Repeat what the lines below say, word for word, and skip every image.

___ Exercise data ___

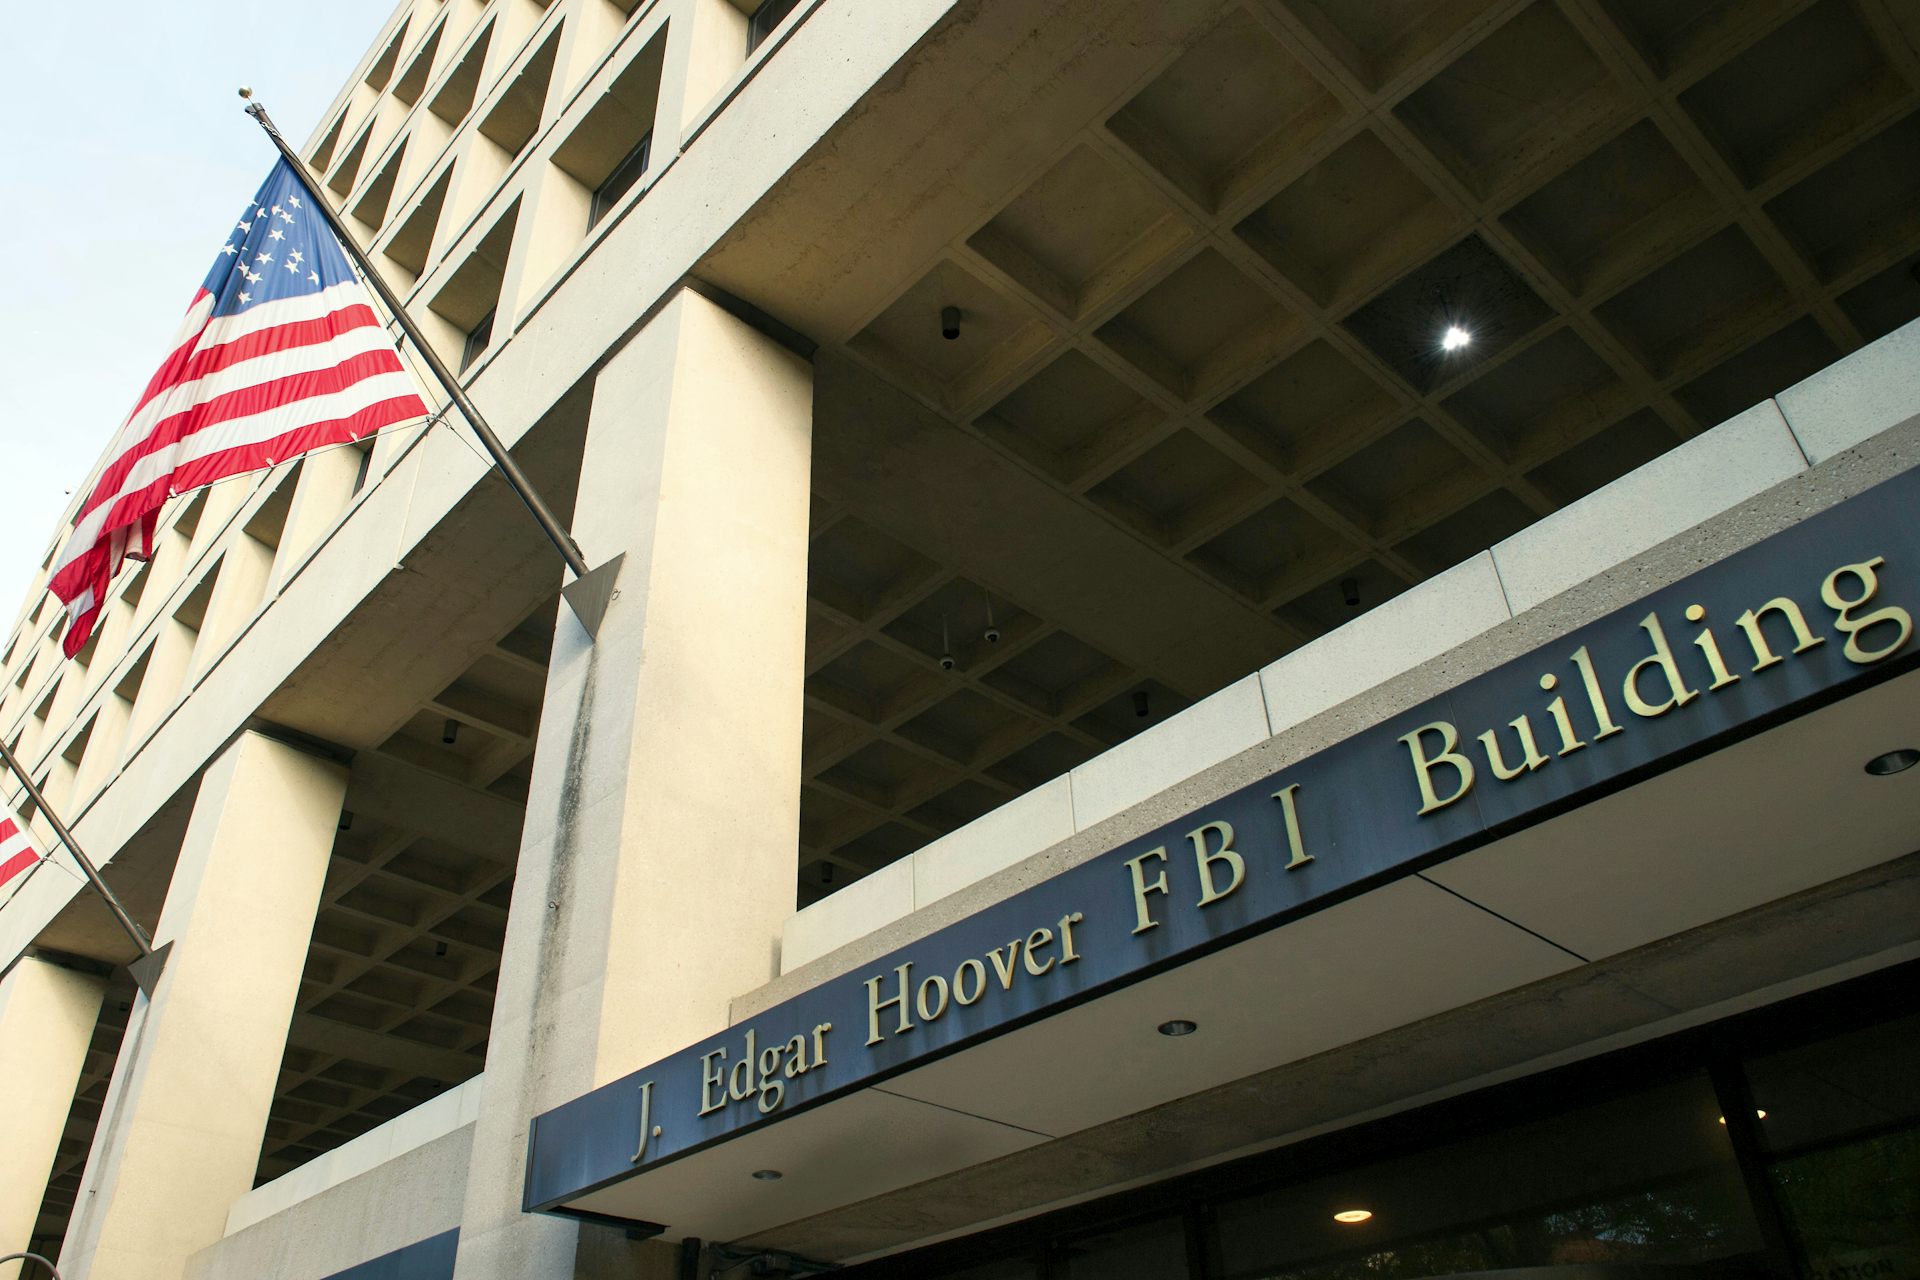 The Fbi Is Breaking into Corporate Computers to Remove Malicious Code – Smart Cyber Defense or Government Overreach?
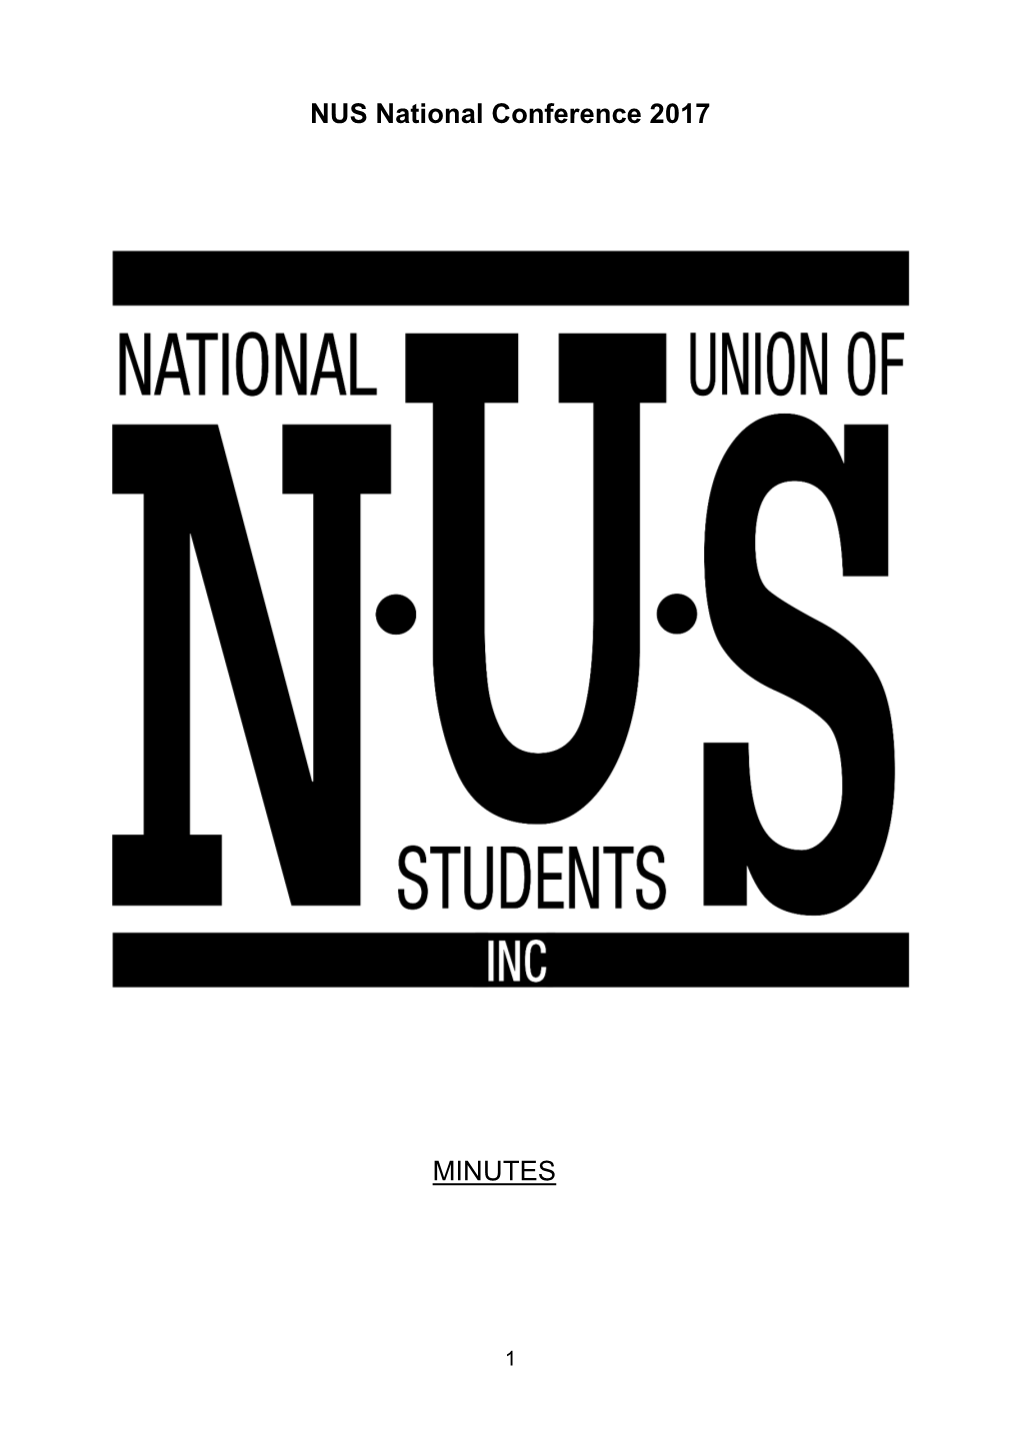 NUS National Conference 2017 MINUTES
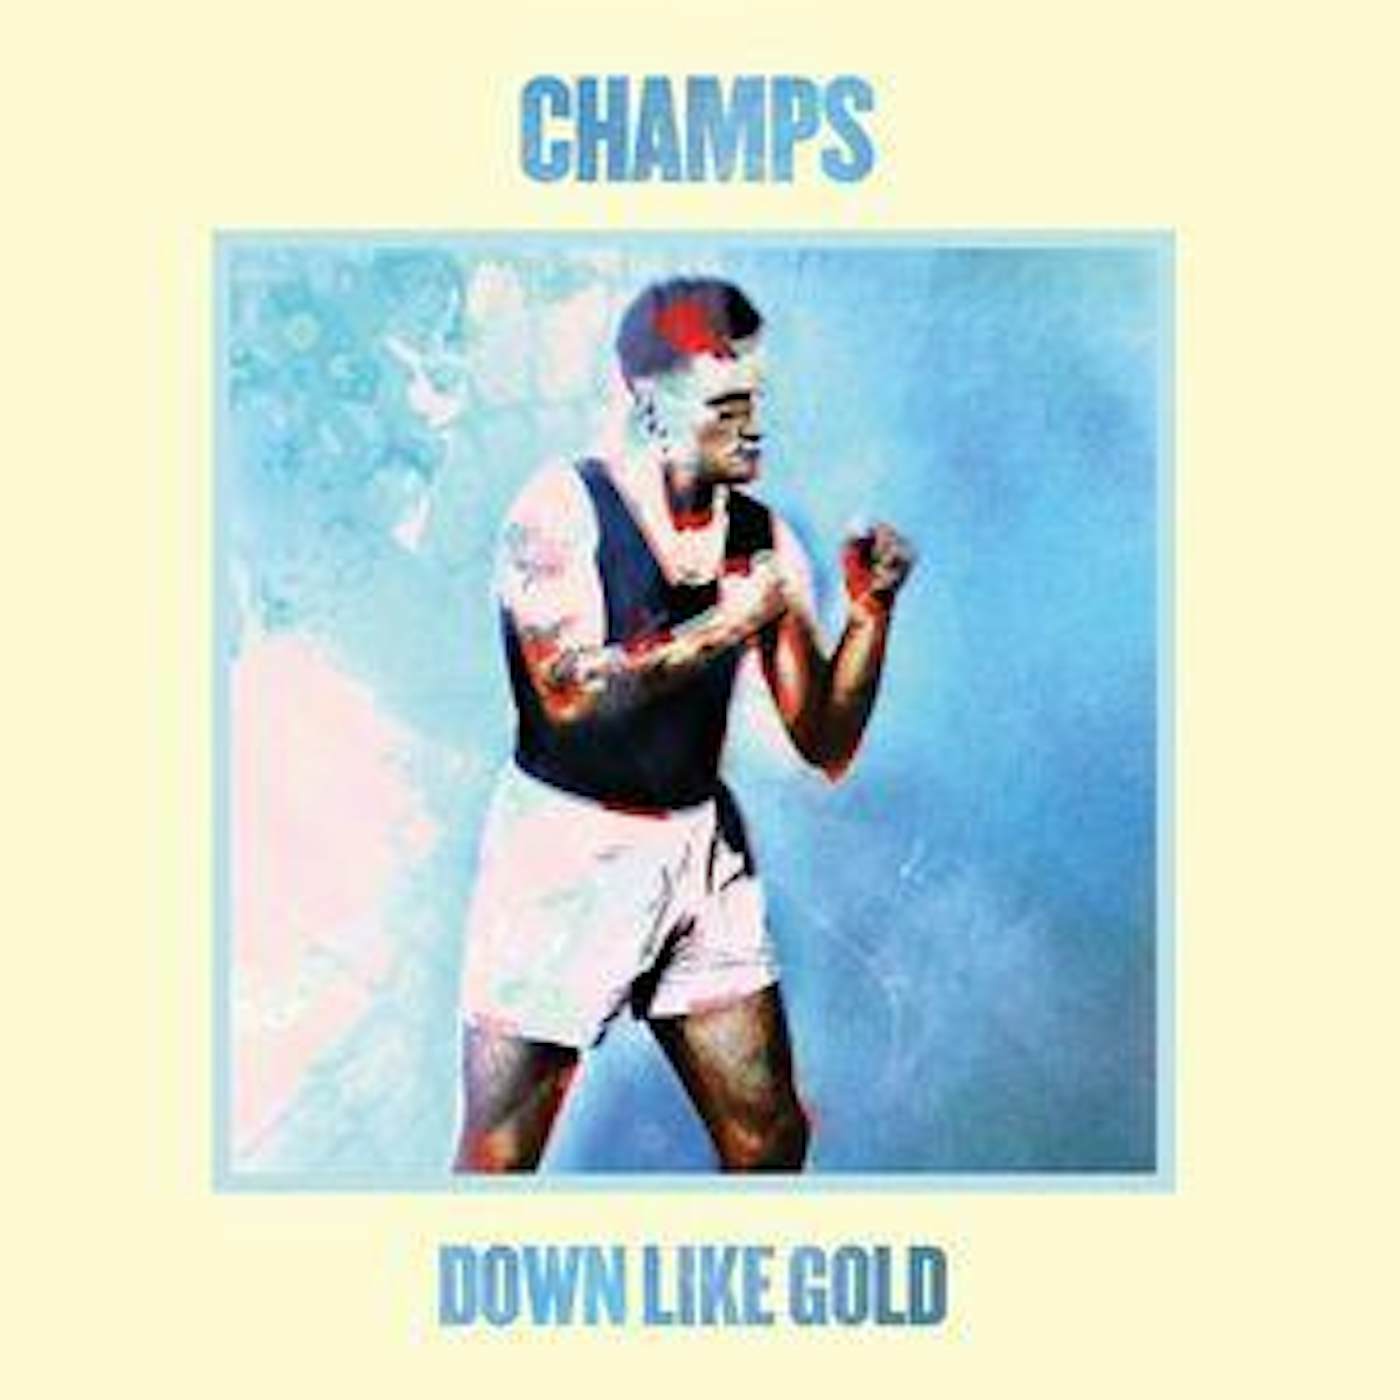 CHAMPS DOWN LIKE GOLD CD

___

Response.
 The Fbi Is Breaking into Corporate Computers to Remove Malicious Code – Smart Cyber Defense or Government Overreach?
 NUS National Conference 2017 MINUTES
 CHAMPS DOWN LIKE GOLD CD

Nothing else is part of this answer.